To be sure, many companies are already implementing the types of programs that would be called for by these regulations, either voluntarily or under state and local regulations.  But even where companies are already implementing in practice the core elements of a proposed regulation, such as leak detection and repair, the transformation of such elements into enforceable obligations subject to compliance certifications “ups the compliance risk ante”—companies need to review the proposal carefully to ensure that when it comes to complying with the detailed requirements, they understand what will be required and what they must certify to the government they have done (and report deviations) on an annual basis.  This task is somewhat complicated by the fact that regulatory language is not available at this time, which is a critical aspect of analyzing the impacts of a rule. At the same time, regulated entities can treat this as an opportunity for to provide input on key aspects of how EPA should craft the regulatory language for the existing sources to take into account practical compliance concerns from the outset.  And when the proposed regulation text is made available in early 2022, careful examination and comment will be in order and a key to success in complying with whatever regulations are issued. Finally, though state plans may differ from the federal existing source emissions guidelines, in practice, we see states largely adopt the federal language, which sets a stringency floor for state plans.

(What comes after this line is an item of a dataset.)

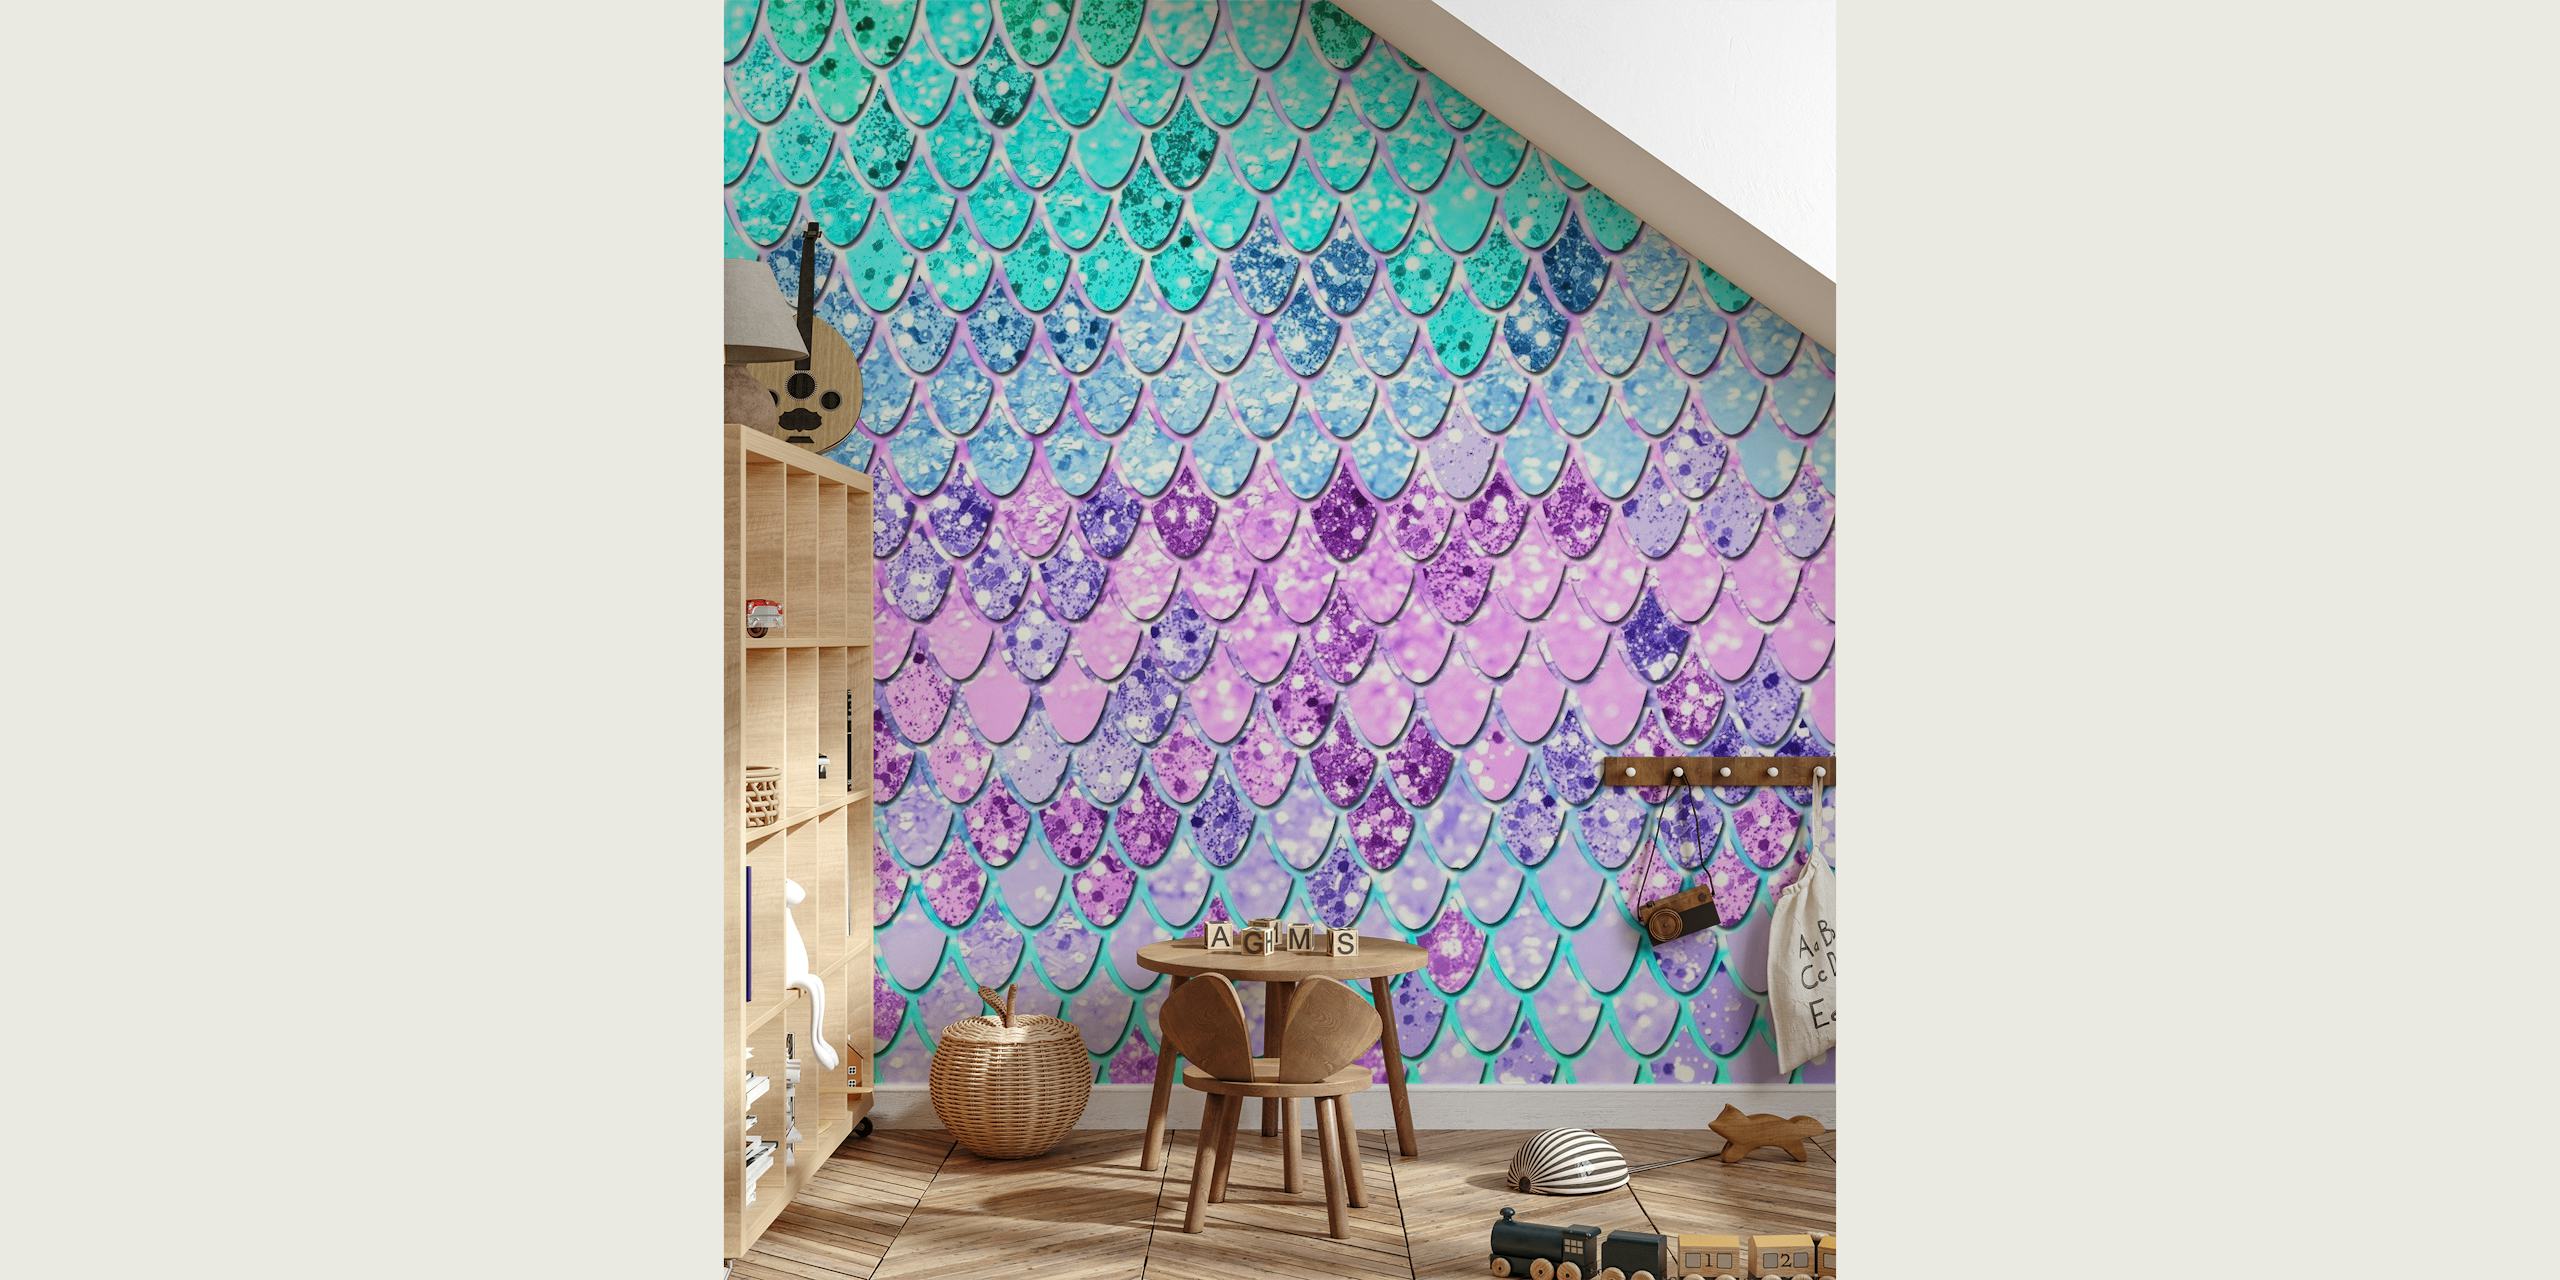 Zidna slika s uzorkom ljuski sirene u boji s vodenoplavom i ljubičastom bojom i svjetlucavim efektom

  1. Amendments to the 2020 Technical Rule: Another important aspect of the proposal is that it would revise Quad Oa to (1) rescind the revisions to the VOC fugitive emissions monitoring frequencies at well sites and gathering and boosting compressor stations in the Technical Rule as EPA believes “those revisions were not [well] supported” and (2) adjust other modifications made in the Technical Rule to address implementation issues that result from the CRA disapproval of the Policy Rule. These changes are important and may have more practical implications worth addressing in comments than the switch regarding regulation of methane from the sector, as many companies have publicly stated that they favor methane regulation and are already subject to extensive regulation at the state level.

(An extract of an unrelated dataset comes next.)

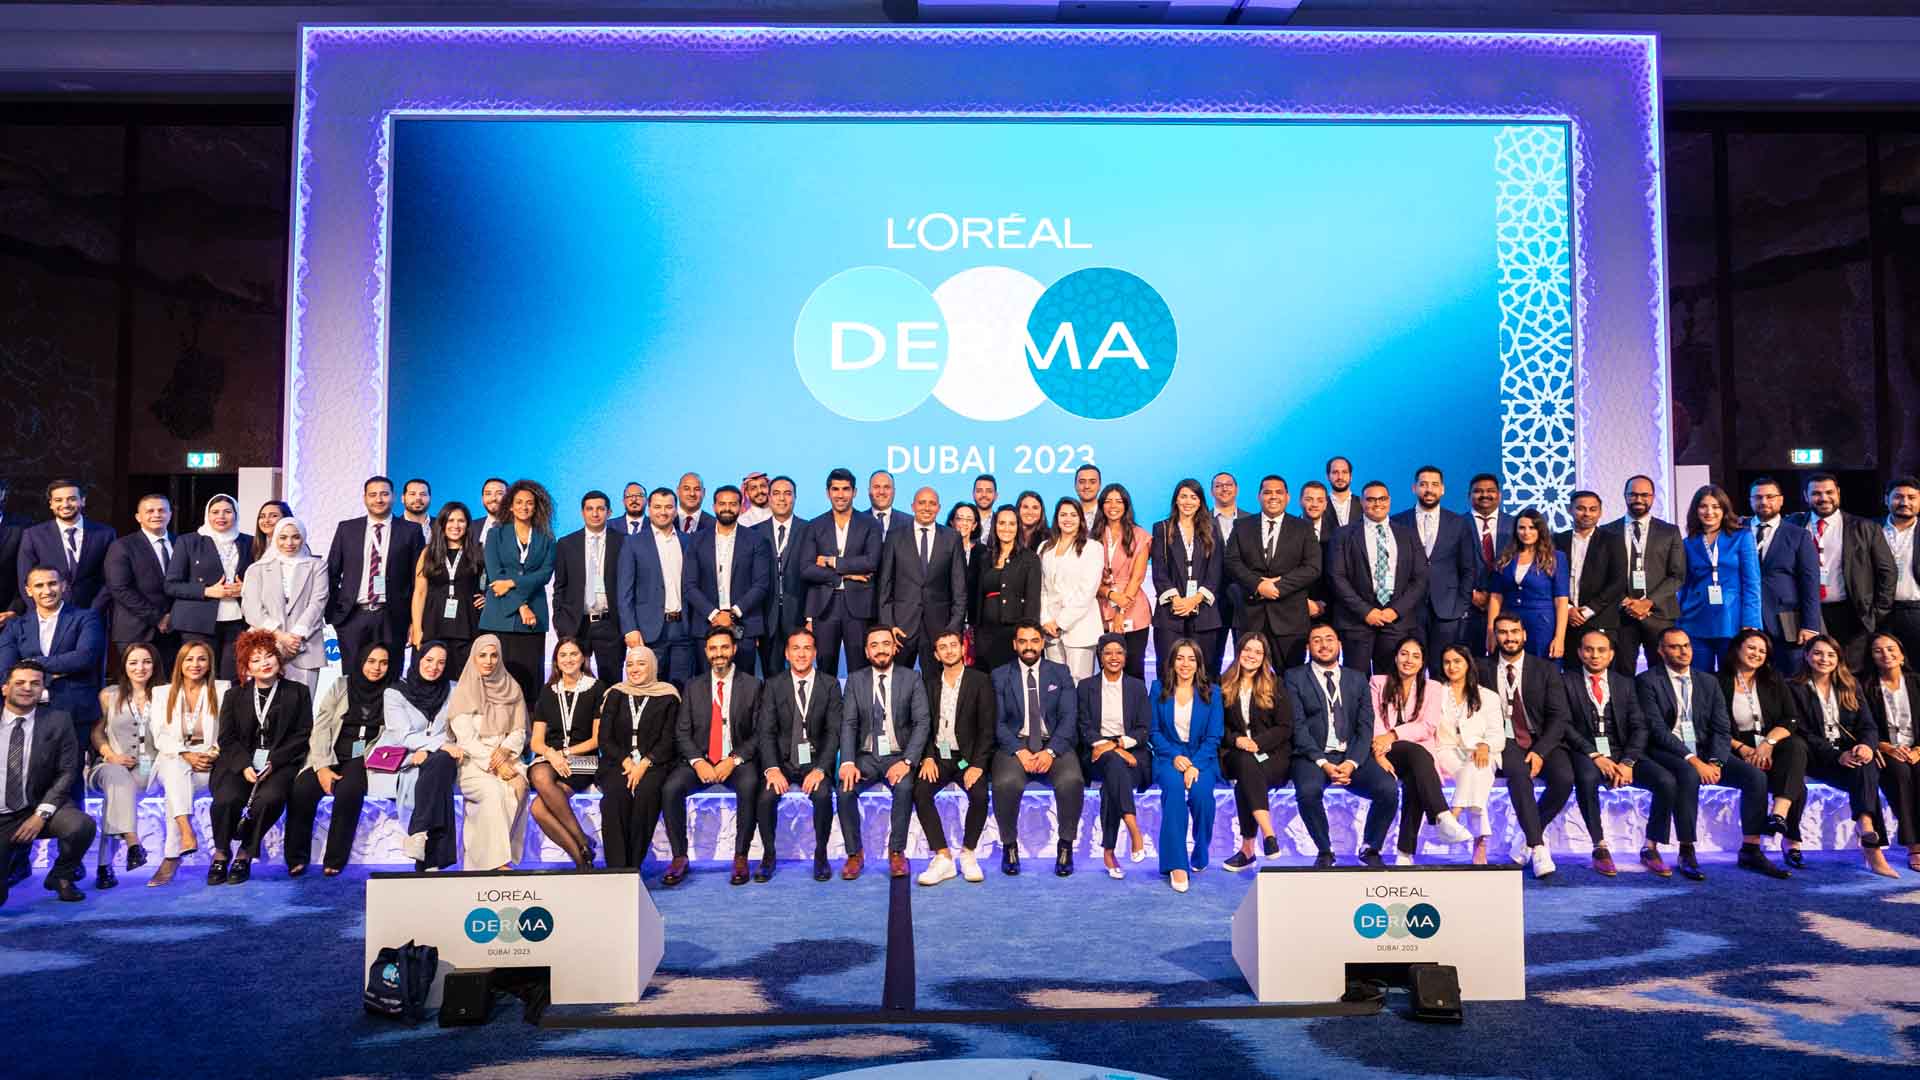 الإحتفال بالنسخة الرابعة لمؤتمر "لوريال ديرما" في دبي-الإمارات العربية المتحدة
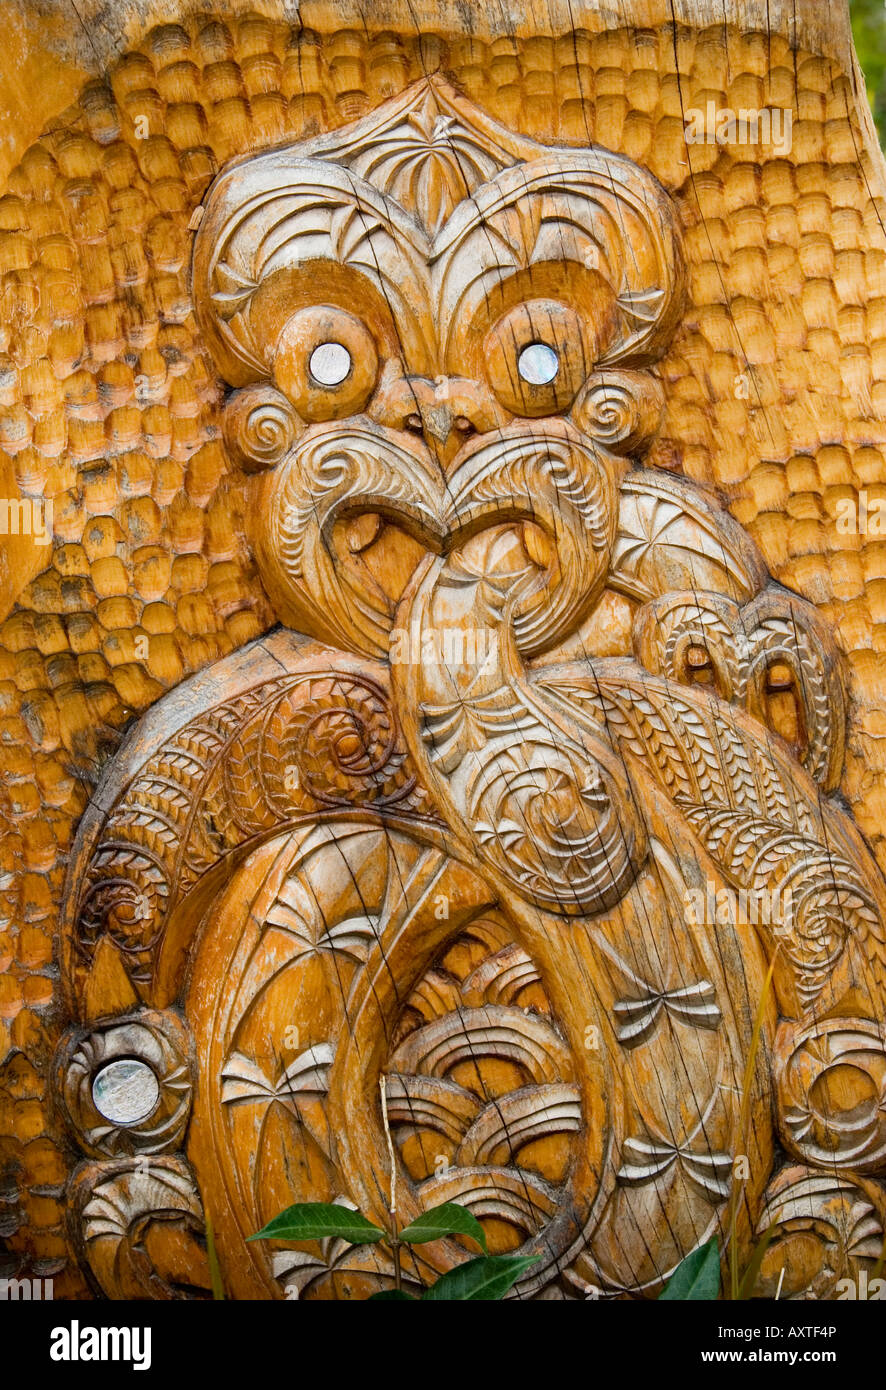 New Zealand Maori Carvings

  2. Implementing the Congressional Review Act Resolution That Repealed the Trump Administration’s 2020 Policy RuleIn September 2020, EPA issued a regulation that rescinded the Obama Administration’s determinations regarding the appropriateness of regulating the Transportation and Storage segment of the oil and gas sector, while supporting the propriety of regulating the Processing and Production segment for VOCs, but not for GHGs (again due largely to statutory process concerns). The crux of that action was a determination that the proper procedure had not been followed under Section 111 to regulate Transportation and Storage activities at all and to regulate methane from the Production and Processing segment, though such a procedure could be followed in the future and if it were, such regulations could be issued. This action was commonly referred to as the “2020 Policy Rule,” in part because it was issued in tandem with a “2020 Technical Rule” that made several changes to the Quad O and Quad Oa regulations related to implementation of the requirements that had been issued previously.

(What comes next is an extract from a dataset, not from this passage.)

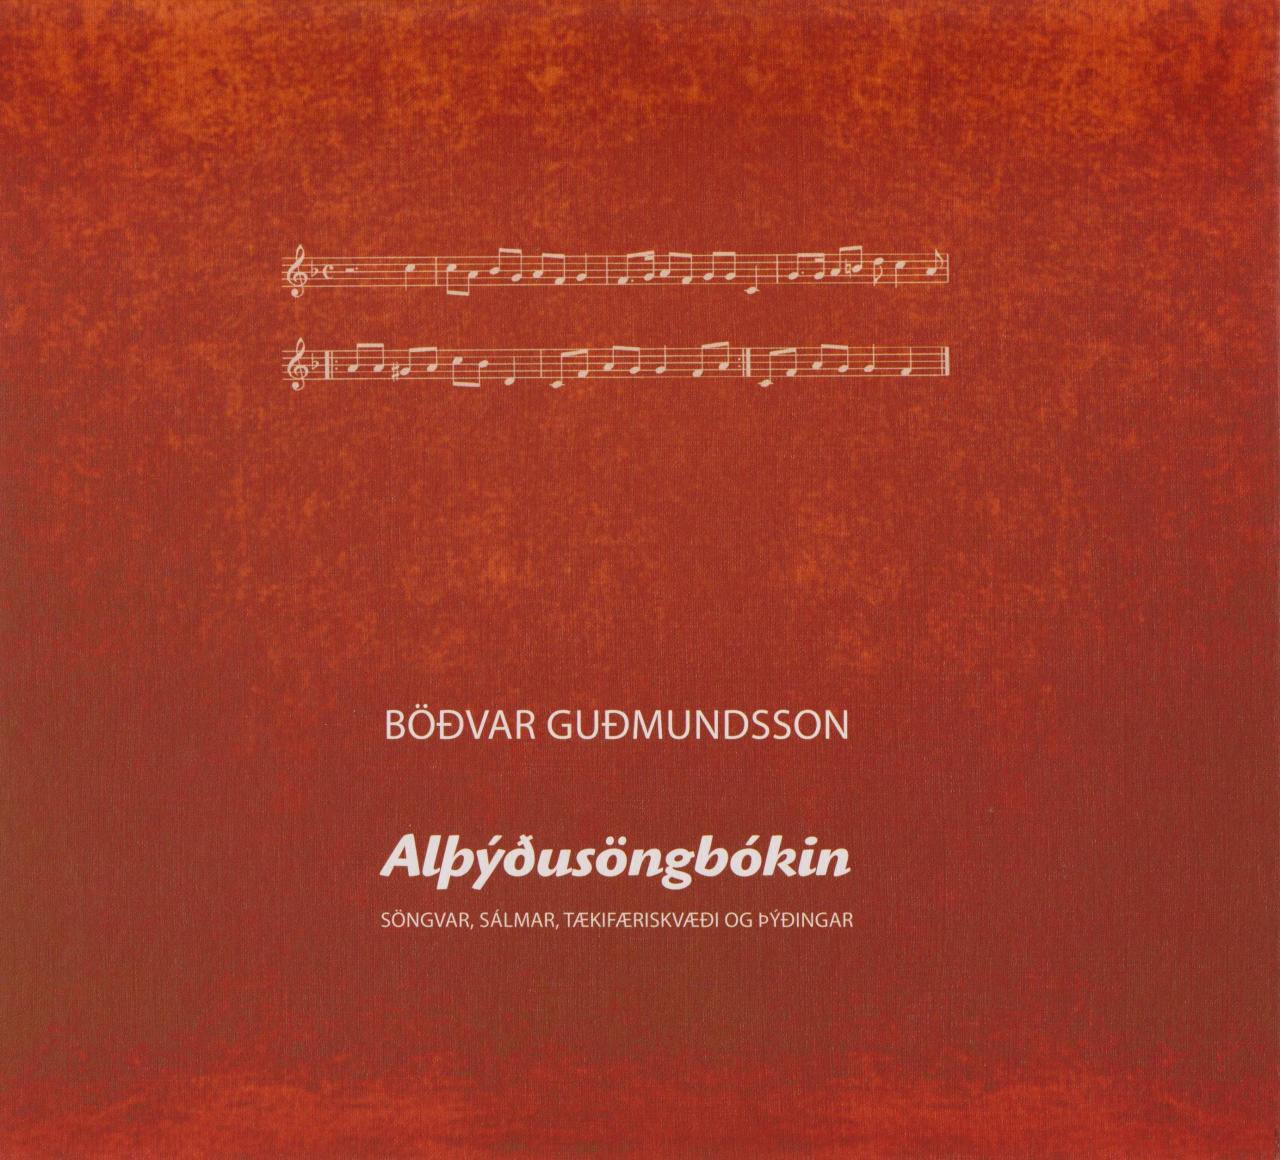 Alþýðusöngbókin: söngvar, tækifæriskvæði, sálmar og þýðingar

In June 2021, pursuant to a Congressional Review Act (CRA) resolution, the 2020 Policy Rule was rescinded. The 2021 CRA resolution nullified the 2020 Policy Rule and thereby reinstated regulation of VOC and methane emissions for the Transportation and Storage segment and for methane emissions for the Production and Processing segments. The 2020 Technical Rule was not a part of the CRA resolution. The proposal on November 2 states that it aims to implement in regulatory language the effect of the CRA Resolution rescinding the 2020 Policy Rule, which largely involves adding the word “GHGs” as well as deleting Transportation and Storage segment definitions and applicability provisions back into the rule. While seemingly straightforward, the impacts of what appear to be simple changes are more complex than first meets the eye, as reflected in an EPA Q&A document issued earlier this summer.